Coupe du monde 2018 : Racisme et homophobie, les deux maux du football russe
Coupe du monde 2018 : Racisme et homophobie, les deux maux du football russe
Par Isabelle Mandraud (Moscou, correspondante)
Dans les stades russes, les actes d’agressions physiques et les bannières néonazies ont quasiment disparu. Elles ont laissé la place aux chants racistes et homophobes.
Certains clubs de supporteurs russes n’ont pas bonne réputation. Il suffit pour s’en convaincre de naviguer sur Internet : scènes de bagarres et attributs néonazis y abondent. « Souvent les fans se disent apolitiques, mais les liaisons entre le football et l’extrême droite sont poreuses, relève Natalia Ioudina, experte du Centre Sova, établi à Moscou et spécialisé dans l’étude des phénomènes xénophobes en Russie. Ils ont des groupes fermés sur les réseaux sociaux, dans lesquels il est très difficile d’entrer, poursuit-elle, car si auparavant ils se vantaient, aujourd’hui ils ont peur. »
L’étude, menée conjointement par Sova et le réseau Football Against Racism in Europe (FARE) publiée le 30 mai, l’atteste : sur la dernière saison juin 2017-mai 2018, les actes d’agressions physiques ont quasiment disparu, les bannières sulfureuses aussi. « Nous n’avons constaté aucune bannière portant la croix celtique, précise l’étude, quand bien même, ce symbole néonazi reste populaire parmi les fans et est encore, par exemple, largement visible dans les graffitis. »
Chants racistes et homophobes
Les chants racistes ou homophobes, eux, sont en nette hausse. Dix-neuf incidents de ce type ont été enregistrés par Sova-FARE, contre deux lors de la saison précédente. « Les clubs ne laissent plus passer les banderoles, mais les insultes, les cris sont beaucoup plus difficiles à contrôler », souligne Natalia Ioudina.
Unique en son genre, l’association des fans contre le racisme du club moscovite CSKA multiplie également les initiatives pour sensibiliser son public. « Nous avons commencé en septembre 2014 après un match à Rome comptant pour la Ligue des champions où un groupe de nos supporteurs s’est battu avec tout le monde, et portait des bannières néonazies. Pour moi, ça a été un point de non-retour », commente Robert Ustian, coordinateur. Cet ancien tradeur de 34 ans, fan du CSKA depuis l’âge de 9 ans, veut rétablir la réputation du club, dont les supporteurs affichaient, il y a encore cinq ans, un drapeau sur lequel figurait « un char de la Waffen-SS ». « Comment est-ce possible pour les petits-fils de ceux qui ont combattu l’armée d’Hitler ? », s’offusque-t-il.

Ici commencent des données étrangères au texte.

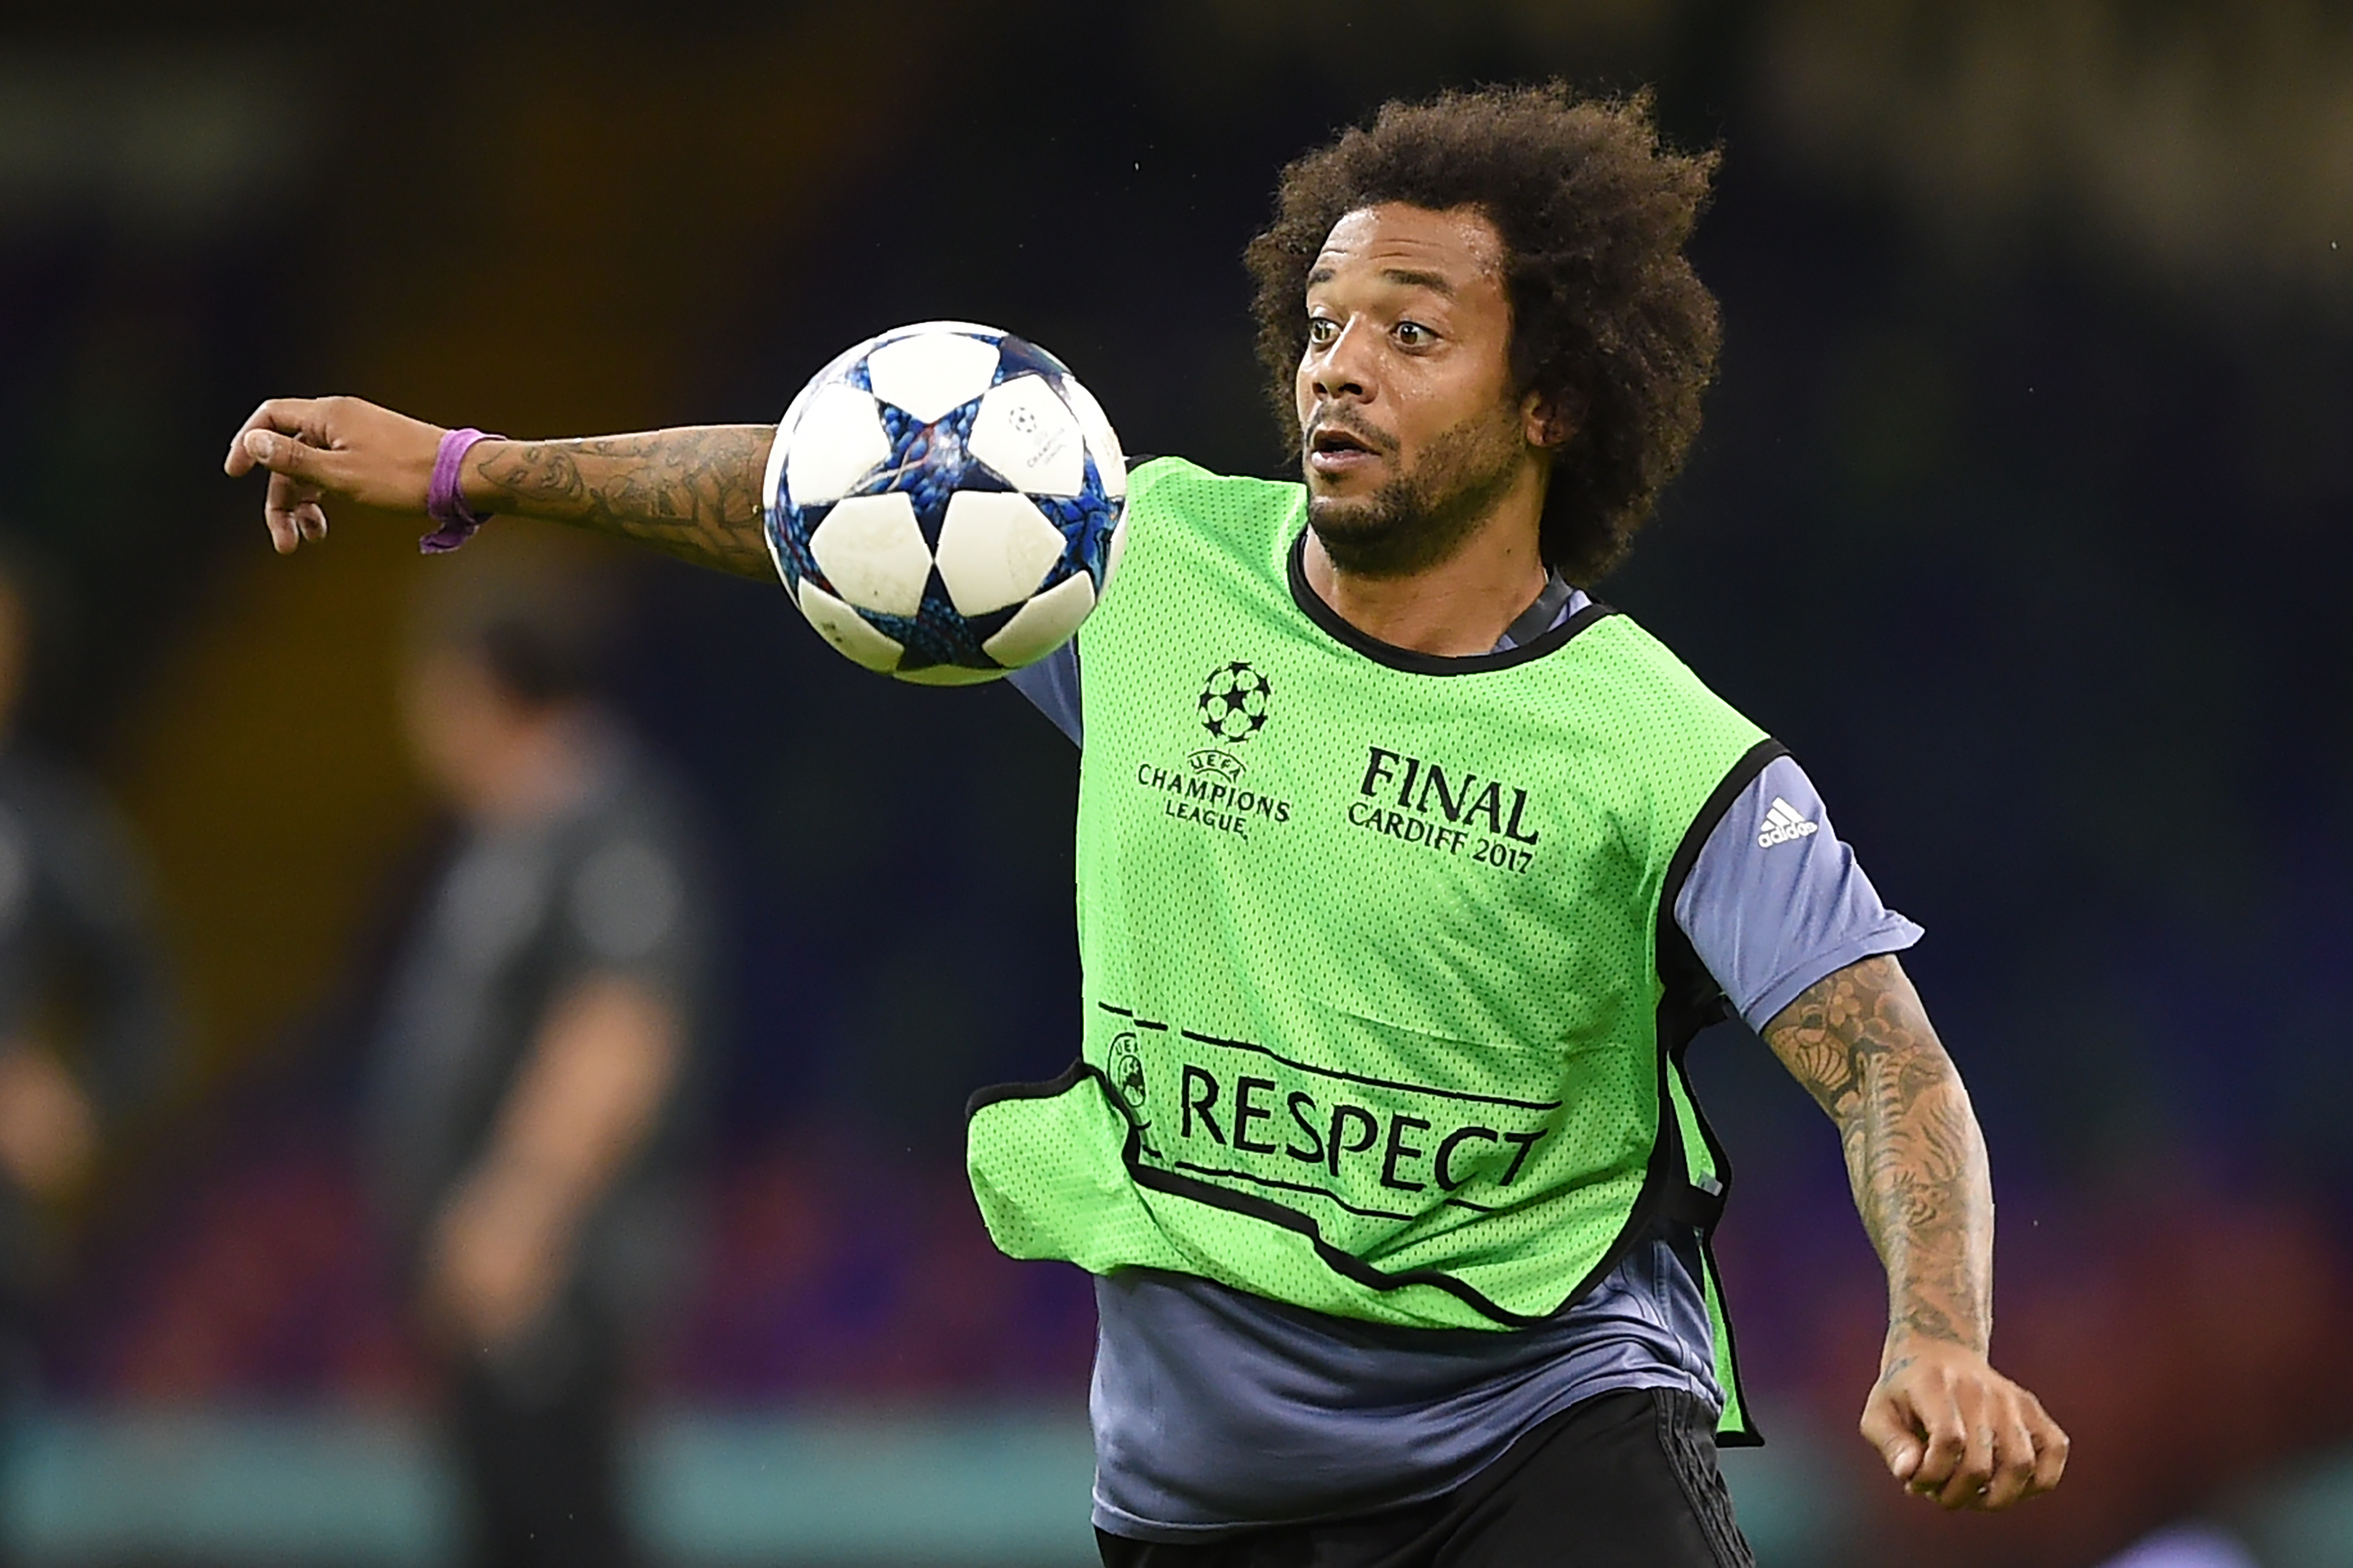 Real Madrid's Brazilian defender Marcelo takes part in a training session at The Principality Stadium in Cardiff, south Wales, on June 2, 2017, on the eve of the UEFA Champions League final football match between Juventus and Real Madrid. / AFP PHOTO / Filippo MONTEFORTE        (Photo credit should read FILIPPO MONTEFORTE/AFP/Getty Images)

« Quand on vend un billet d’accès au stade, on remet un tract contre les discriminations, poursuit Robert Ustian. Nous ne sommes pas naïfs, nous savons que cela prendra un peu de temps, mais notre mission, c’est que tous les autres supporteurs qui n’ont rien à voir avec cet extrémisme exercent une pression sur eux et, goutte à goutte, notre message passe. » Motivé, il concède cependant que la sensibilisation s’avère plus délicate encore sur l’homophobie et s’inquiète des réactions que pourrait engendrer dans les stades du Mondial l’éventuelle présence de drapeaux gays arc-en-ciel. « Cette Coupe du monde est un défi pour toute la société russe, peut-être la chose la plus importante des quinze ou vingt dernières années. »
Après avoir longtemps ignoré le problème, les autorités russes ont réagi à l’approche du Mondial en nommant l’ancien milieu de terrain international Alexeï Smertine délégué à la lutte contre le racisme et les discriminations dans le football. Lors des matchs, l’attitude du public sera ainsi scrutée à la loupe.